Opinion: DNA-driven Human Nature

 Opinion: DNA-driven Human Nature

By George Smith

It is a part of basic, DNA-driven human nature for folks to resist admitting a mistake. It doesn’t really matter whether or not the mistake was an honest faux pas or an intentional violation of societal norms, saying “I was wrong!” is just difficult to enunciate. it is a mixture of a negative psychological response and personal muscle control.
There are citizens of Marshall and Longview who owe a former Harrison County resident an abject apology for their thoughts, statements and vitriol hurled in his direction. A vast majority will not apologize for their non-Christian judgment, content to just sit back and forget past thoughts and public statements.

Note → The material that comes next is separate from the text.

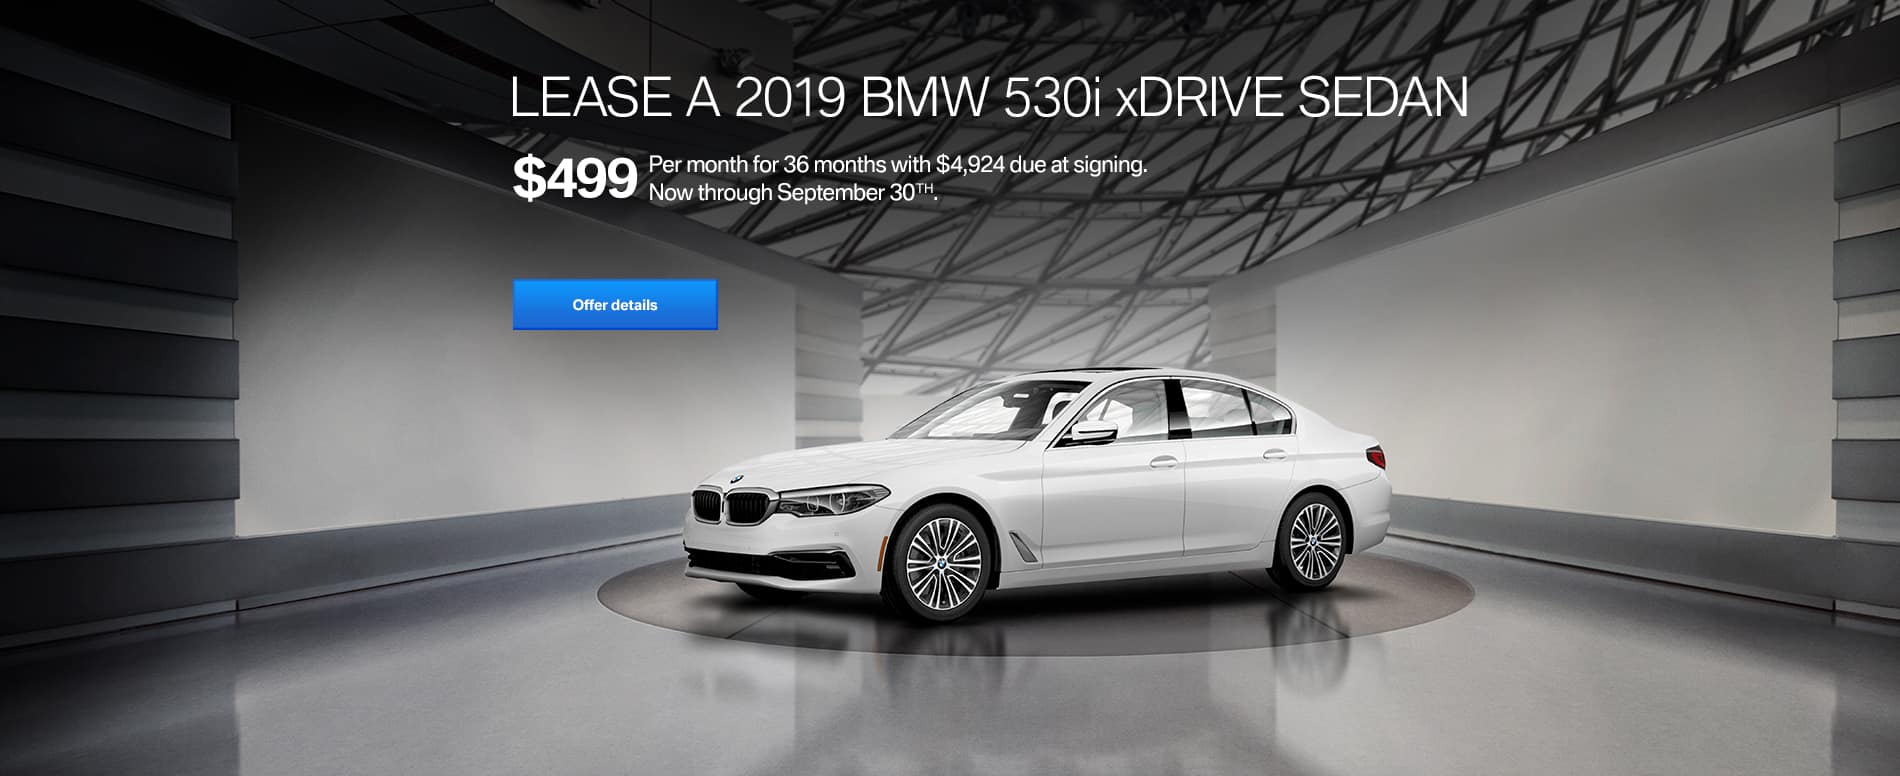 BMW Dealership Annapolis MD | BMW of Annapolis

Trey Wood is no angel; he will be the first to tell anyone that. He is a sober alcoholic, former drug addict, a convicted felon who spent two-plus years in prison for robbing a drug dealer. He, like everyone else, has lied in his life to obtain what he wanted at a particular point in the time, without regard for the welfare of others. 
I’ve known Trey since his teenage years. He was a certified “rounder”, a gifted athlete and communicator with more charisma than should be allowed. At times, he was an insufferable teenage jerk, but, to me, despite his swagger and jockesque bravado, he had a gentleness that belied his size and outward attitude; he hurt people’s feelings because of his lack of impulse control and his ADD, not out of pure, hard-hearted meanness.   Trey came out of prison with the goal of never going back; once, for Trey, was enough. What he didn’t count on was falling into his lifestyle bugaboo of being in the wrong situation at the wrong time and making bad decisions in an attempt to extricate himself. He started drinking and taking prescription drugs and making friends who were not “friends”. Some people, like Trey,  have a habit of repeating mistakes over and over. And overl. And then there is the Trey who is a talented, award-winning writer, a hard-working, creative  entrepreneur who started three small businesses during the pandemic, and the man-child I know as a loyal friend. He is not a family member…but is a member of MY family.
   All that to say this: Several years ago, out cold and partially paralyzed on drugs administered by Marshall physician Shaun Bobbi Kelehan, Trey was sexually assaulted by the doctor. After sobering up, Trey filed charges with the Marshall Police Department; the charges were investigated, video and audio tapes were made, and charges were filed.

That’s where the “fix” went in. Under the guidance of a special prosecutor in Longview, a grand jury declined to indict Kelehan, despite the fact the jurors were not afforded the opportunity to view the videos of Kelehan admitting administering  drugs and the sex act, plus another, earier non-consensual sex act a year earlier that Kelehan admitted that Trey did not remember. The jurors were told the doctor passed a lie detector test and that Trey did not take one, True. But, the doctor took one administered by an official of his choosing; Trey was not offered one. Trey was not called to testify.
In other words, the prosecutor gave the jurors what he wanted to give them to elicit a verdict he wanted. As a former foreman of a Harrison County Grand Jury, I watched this scenario play out in the secrecy of the proceedings.
Trey then hit rock-bottom. He started drinking heavily, was in and out of rehab and contemplated suicide. A friend’s concern and intervention by Austin police got him back in detox and he started looking forward to a positive, productive future again.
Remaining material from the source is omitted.